---
license: apache-2.0
datasets:
- OpceanAI/Yuuki-dataset
- OpceanAI/Yuuki-Personality
language:
- en
- es
metrics:
- perplexity
base_model:
- Qwen/Qwen2.5-VL-7B-Instruct
library_name: transformers
tags:
- vision-language
- multimodal
- pytorch
- unsloth
- personality
- bilingual
- opceanai
- yuuki
- fine-tuned
- chat
pipeline_tag: image-text-to-text
---
# A 7B Vision-Language Model Fine-Tuned for Bilingual Conversation
**Multimodal companion model with verified benchmark improvements over its base.**
**Qwen2.5-VL architecture. 7 billion parameters. Vision + Text.
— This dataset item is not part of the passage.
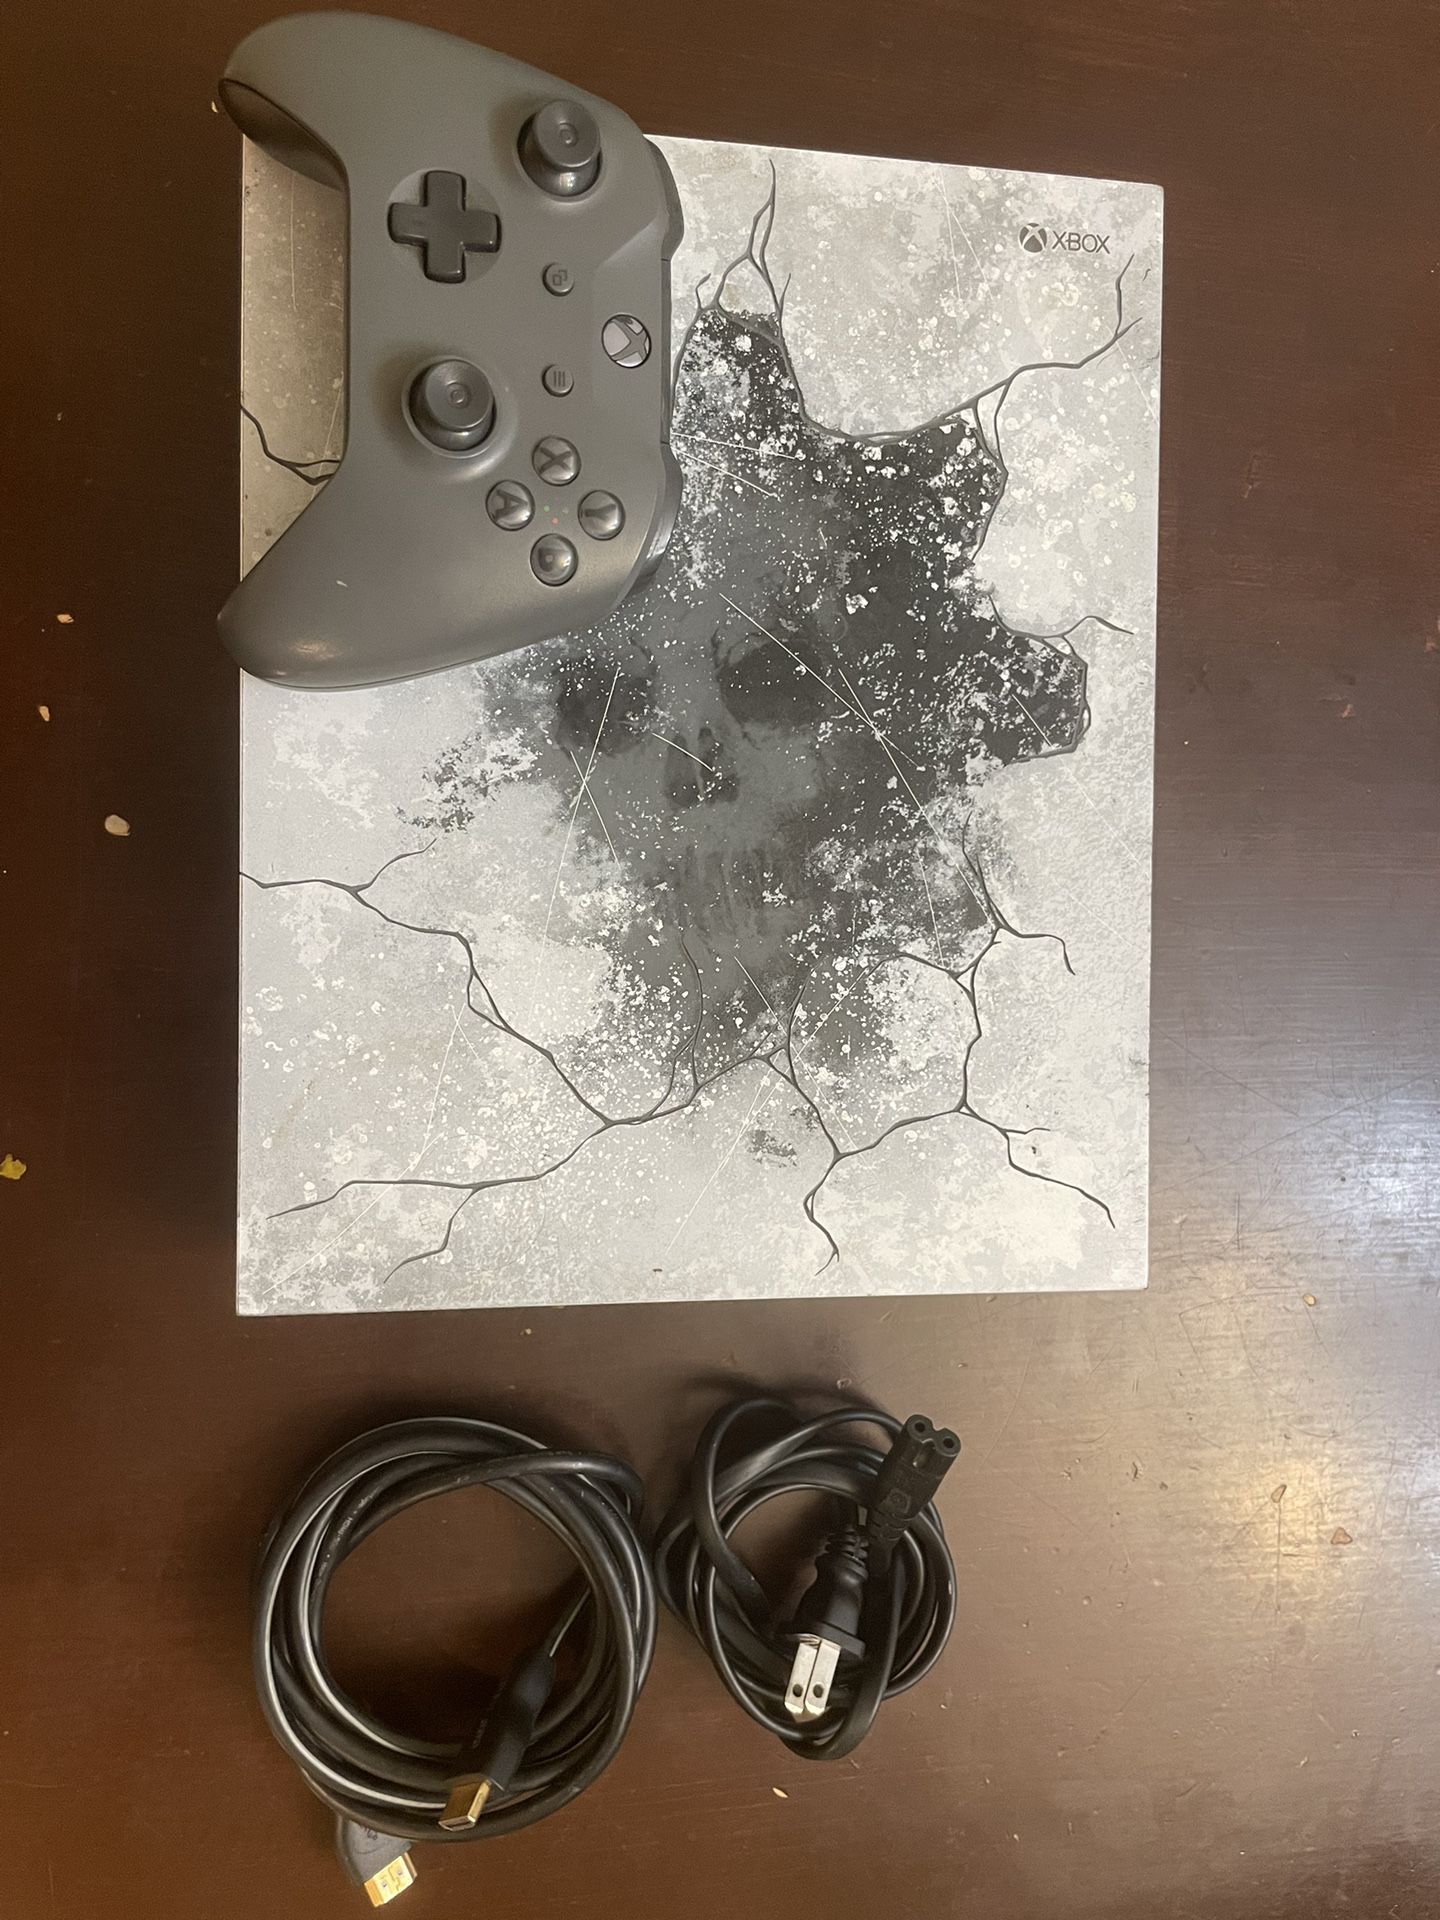 Xbox One X 1TB Gears 5 limited edition 
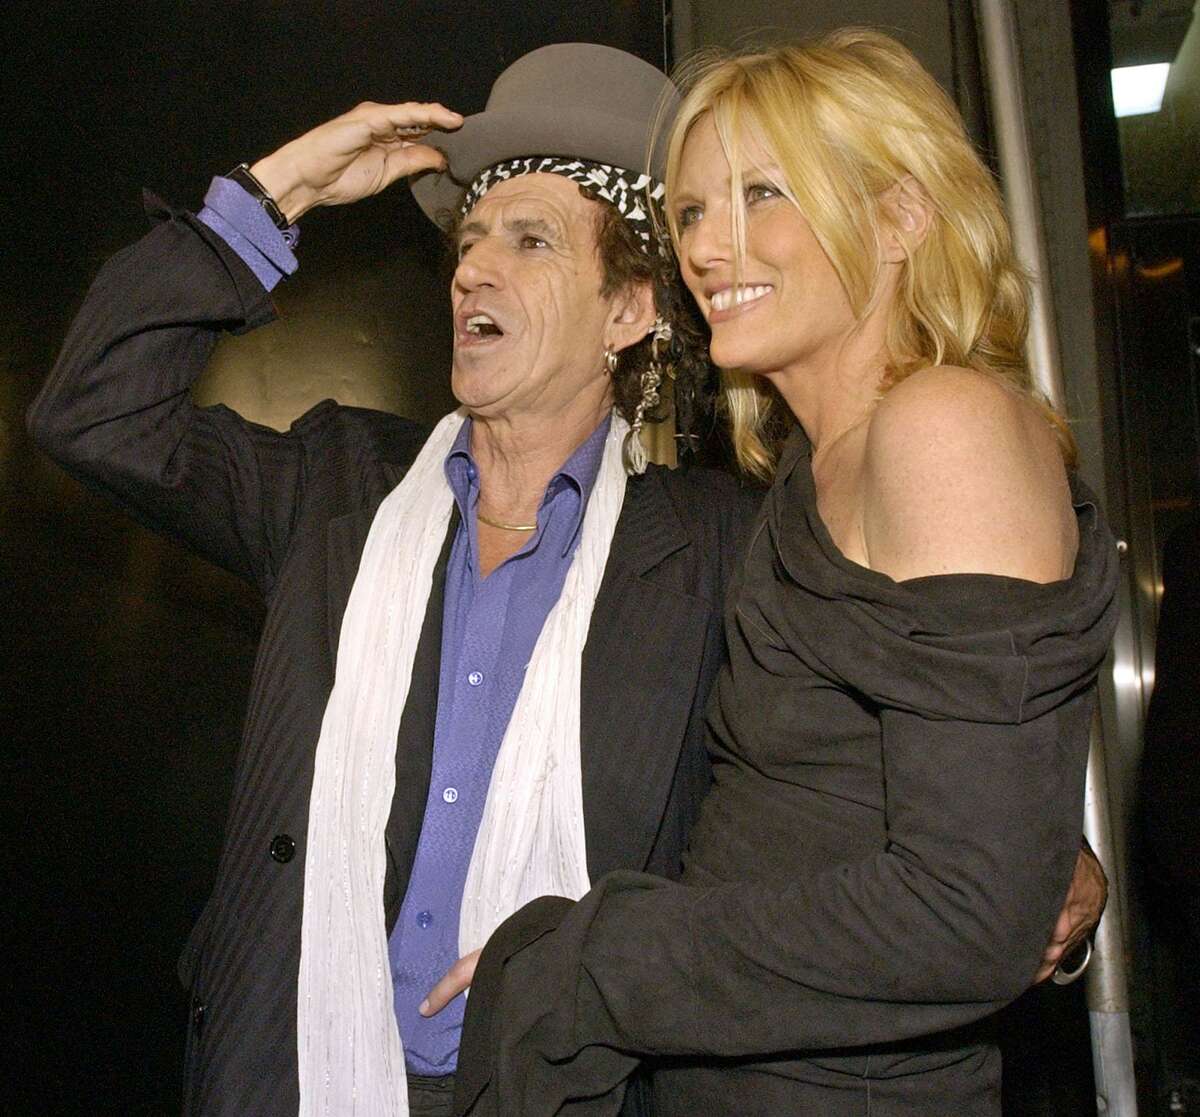 Rolling Stones' guitarist Keith Richards, left, arrives with his wife Patti Hansen at the launch party of the four DVD collection "Four Licks" Wednesday, Oct. 29, 2003 in New York.The legendary Rolling Stones guitarist and his wife, Patti Hansen, are donating items from their upper East Side Manhattan apartment to benefit Ridgefield nonprofits — SPHERE and The Prospector Theater — for the work they do with adults who have autism. The connection to the Connecticut nonprofits: Hansen’s 24-year-old-nephew has autism and has received services from the charity organization.

Apache 2.0.**
[](LICENSE)
[](https://huggingface.co/Qwen/Qwen2.5-VL-7B-Instruct)
[](https://huggingface.co/docs/transformers)
[](https://doi.org/10.57967/hf/8028)
---
## What is Yuuki NxG VL?
**Yuuki NxG VL** is a 7-billion parameter vision-language model fine-tuned from [Qwen2.5-VL-7B-Instruct](https://huggingface.co/Qwen/Qwen2.5-VL-7B-Instruct) for bilingual open-ended conversation and visual understanding. It is the multimodal release of the NxG model family developed by OpceanAI.
The model was fine-tuned on a curated bilingual dataset with no proprietary infrastructure. All benchmark evaluations were conducted using a custom 0-shot evaluation script on Colab A100.
Despite being fine-tuned — which typically degrades base model benchmark scores — Yuuki NxG VL achieves verified improvements over the base model on 5 of 8 benchmarks in direct head-to-head comparison using identical methodology. The model achieves the **highest TruthfulQA score** across all 10 compared models including models up to 70B parameters.
---
## Model Summary
|
**Architecture**
| Property | Value |
|:---------|:------|
| Base Model | Qwen2.5-VL-7B-Instruct |
| Parameters | 7B |
| Modalities | Vision + Text |
| Fine-tuning | Supervised SFT (LoRA) |
| Training Examples | ~10,000 |
| Context Length | 2,048 tokens |
|
**Release**
| Property | Value |
|:---------|:------|
| Organization | OpceanAI |
| Release Date | March 2026 |
| Languages | English, Spanish |
| License | Apache 2.0 |
| Evaluation | Custom 0-shot script |
| Compute Budget | ~$15 USD |
|
---
## Benchmark Results
All Yuuki NxG VL results are evaluated **0-shot** using a custom evaluation script. Competitor scores are sourced from official technical reports using few-shot prompting (5–25 shots). Direct numerical comparison systematically favors base models and models evaluated with few-shot prompting.
### Head-to-Head: Yuuki NxG VL vs Qwen2.5-VL-7B Base
The following comparison uses identical methodology — same hardware, same evaluation script, same prompt format — for both models.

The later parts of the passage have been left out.